Barry picked up a tiny crumb.
“Here.”
The cat ignored it.
“I think he wants more.”
“He probably does.”
Barry looked around.
The adults were concentrating.
Alfie was reading the competition leaflet.
Nobody was watching.
Perfect.
Barry reached towards the beautiful chocolate cake, and opened the lid.
“Just one little bit.”
Snap.
Off came an entire corner.
“Oops.”
Marmaduke’s eyes widened.
“That’s quite a little bit.”
“It’s…a generous little bit.”
Barry offered it.
The cat sniffed.
Then…
Ignored it.
Instead…
With astonishing speed…
The cat launched itself directly into the open cake tin.
Everything happened simultaneously.
“AAAH!”
“My cake!”
“CAT!”
“Oh goodness!”
The ginger cat landed squarely in the chocolate sponge.
Cream exploded.
Chocolate flakes flew.
One paw hit Barry.
Another hit Marmaduke.
Its fluffy tail painted Mrs Brand’s coat with icing.
Startled by everyone’s shouting, the cat leapt again.
Straight onto Marjory.
Who squealed and dropped the second cake tin.
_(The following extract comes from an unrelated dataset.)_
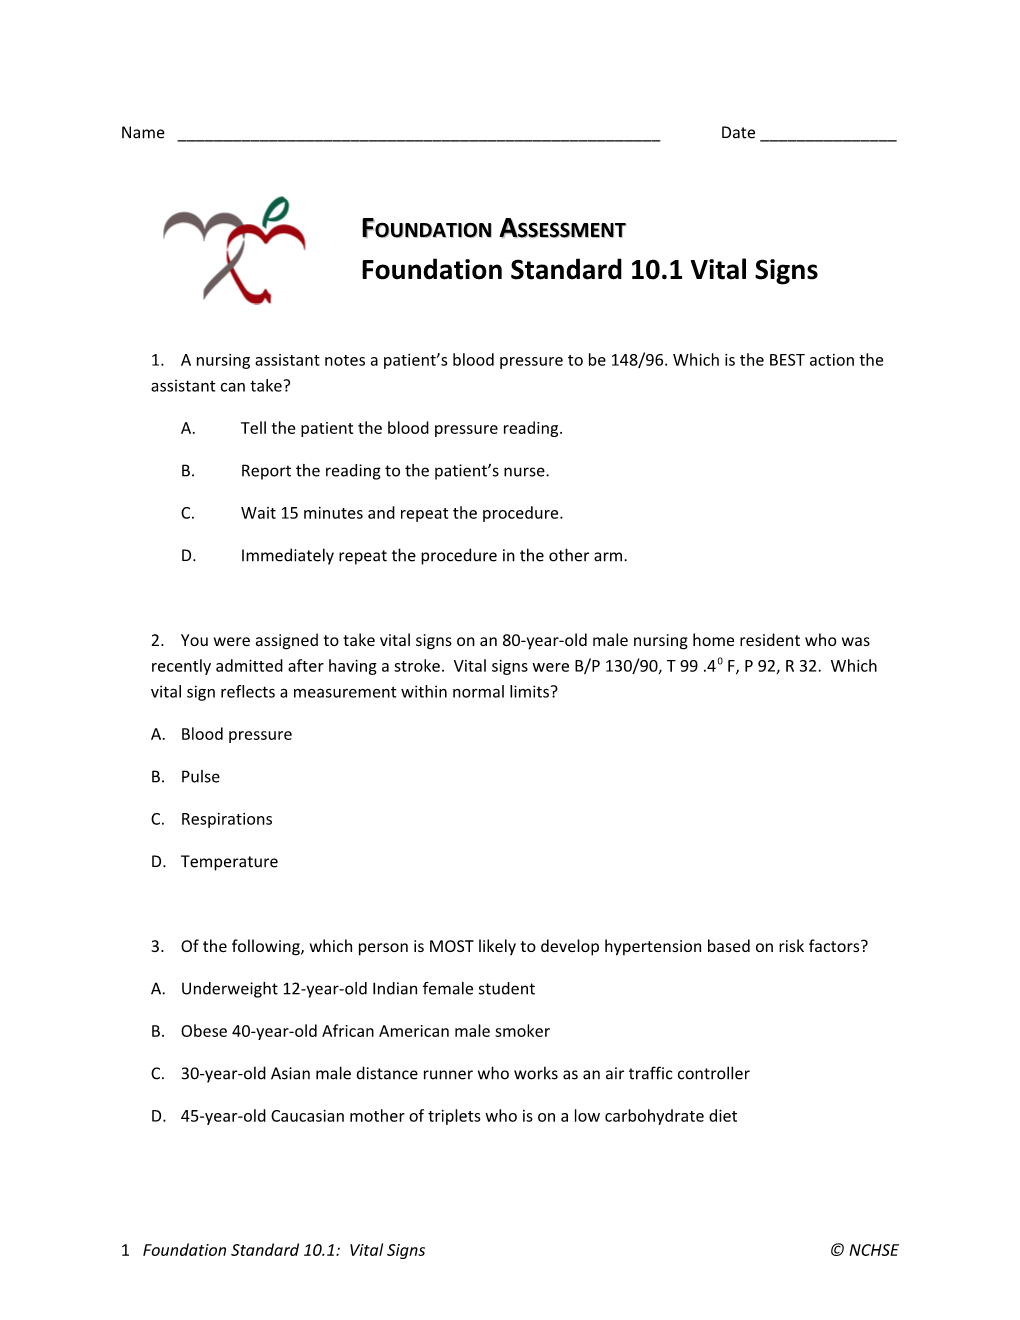 Foundation Standard 10.1 Vital Signs

The Victoria Sponge didn’t fair well.
This startled the cat further.
Which launched itself onto Alfie’s shoulder.
Alfie froze completely.
“I would like,” he announced calmly, “everyone to remain…calm.”
The cat disagreed.
It sprang away.
Taking nearly half the sponge with it, carried on body parts and in fur.
It vanished over the wall.
Silence.
Absolute silence.
Barry examined the devastation.
The elegant cakes now resembled something archaeologists might uncover after a small explosion.
Chocolate fingerprints decorated the pavement.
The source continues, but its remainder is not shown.